Tuesday, April 14, 2009

A Dashboard for every role

Common scenario in a project:

  • We need to make a dashboard for the General Manager.
  • And then a dashboard for the EMEA Sales representative.
  • Don't forget the Portuguese Chef, he also needs information on his stocks of codfish.
This means a lot of work; What if we could define just one dashboard without worrying about row level security?

Fortunately for this blog entry, we can. Provided you're using CDF - and of course you are - the answer is to use MDX.

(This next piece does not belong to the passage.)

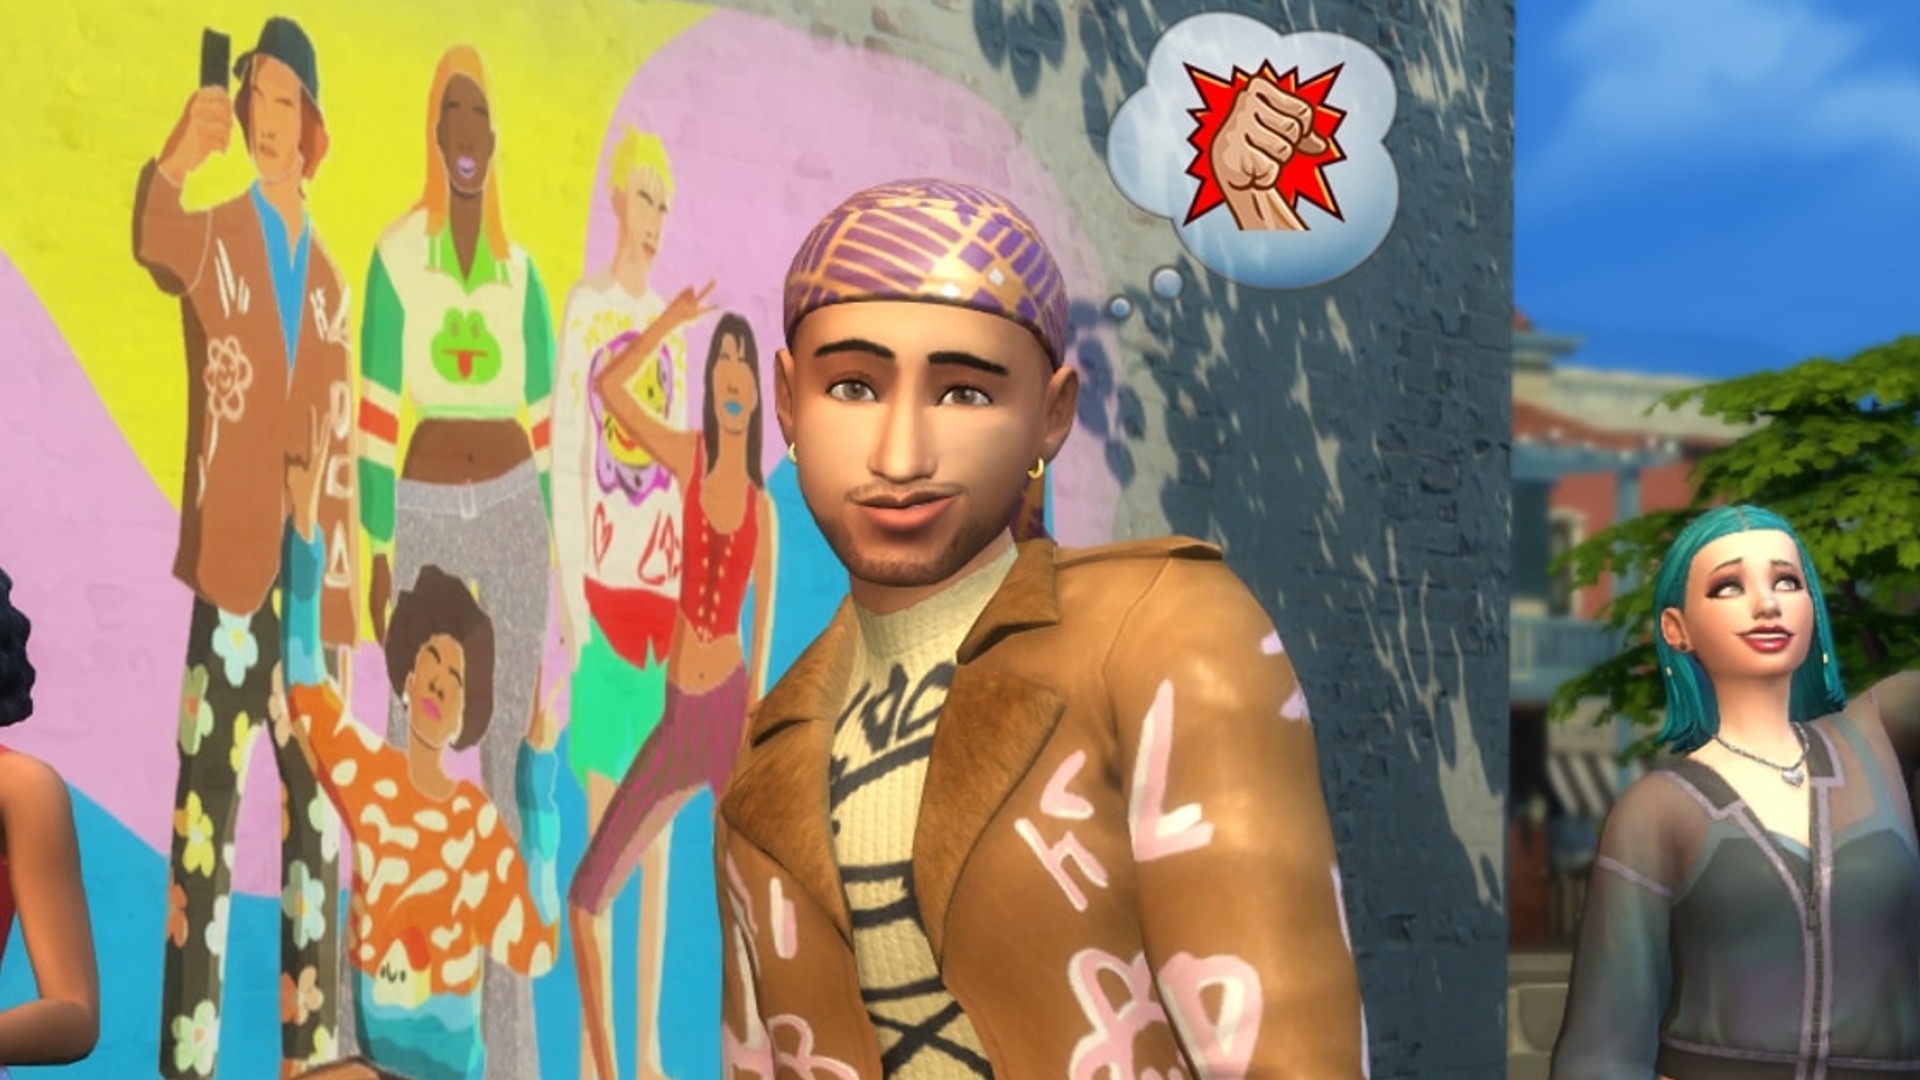 Sims 4 update guts gallery of sweary, “unacceptable content”

MDX is God's gift to business language; When God created Adam and Eve he just spoke [Humanity].[All Members].Children . That's how powerful MDX is. And Julian Hyde allowed to use it without being bound to microsoft.

In a lot of CDF components we can use MDX directly to get our result sets. But there's a somewhat "hidden" feature in there. If we have the session variable role defined, that role will be passed to mondrian.

Take this for example: Let's picture our Joe as a EMEA representative and our Suzy for US. I'll add the following code to the SteelWheels schema:



<role name="suzy">
<schemagrant access="none">
<cubegrant cube="SteelWheelsSales" access="all">
<hierarchygrant hierarchy="Markets" access="custom"
toplevel="[Markets].[Territory]" rolluppolicy="partial">
<membergrant member="[Markets].[All Markets].[NA]" access="all">
</membergrant>
</hierarchygrant>
</cubegrant>
</schemagrant>
<role name="joe">
<schemagrant access="none">
<cubegrant cube="SteelWheelsSales" access="all">
<hierarchygrant hierarchy="Markets" access="custom"
toplevel="[Markets].[Territory]" rolluppolicy="partial">
<membergrant member="[Markets].[All Markets].[EMEA]" access="all">
</membergrant>
</hierarchygrant>
</cubegrant>
</schemagrant>
</role>




I also changed the startup action sequence session-region-list.xaction to store in the username in the session variable role. As a result, here's the MetaLayer home dashboard seen by Joe:




And the same one seen by Suzy:


This is the most simplistic approach; Other things must be taken into account, but really eases the way it works as a whole. Added bonus, all our pivot tables will share the same definitions.
I definitely recommend MDX for every dashboard (or report... or anything, really)

5 comments:

SteornTracker said...
This post has been removed by the author.
Will Gorman said...

Hey Pedro, great write up. I also want to point out that you can use Pentaho Metadata's row level security feature for this type of dashboard:
http://wiki.pentaho.com/display/ServerDoc1x/06.+Adding+Row+Level+Security+to+a+Pentaho+Metadata+Model

Pedro Alves said...

Hello Will.

You're right, indeed. It probably all goes down to personal preference, but IMO MDX is the best approach for this kind of challenges

Roland Bouman said...

Nice post! Thanks ;)

CJ said...

Boas Pedro , eu sou um novato nisto do pentaho, e ainda ando na fase de pesquisa e experimentar de tudo um pouco, já passei pelo ETL, Reporting, e agora queria começar a criar Dashboards, mas estou com um pequeno problema: pretendo criar charts no design studio, que me vão buscar dados a uma mdx query, mas, quando testo, só me aparece "Action Successful" , e não me aparece o chart, se eu criar o chart no Report Design, quando faço Preview aparece me o Chart perfeito, mas, se faço Publish, quando o abro no servidor ele n vai buscar os dados à base de dados. Podias me dar umas dicas? Abraço e obrigado!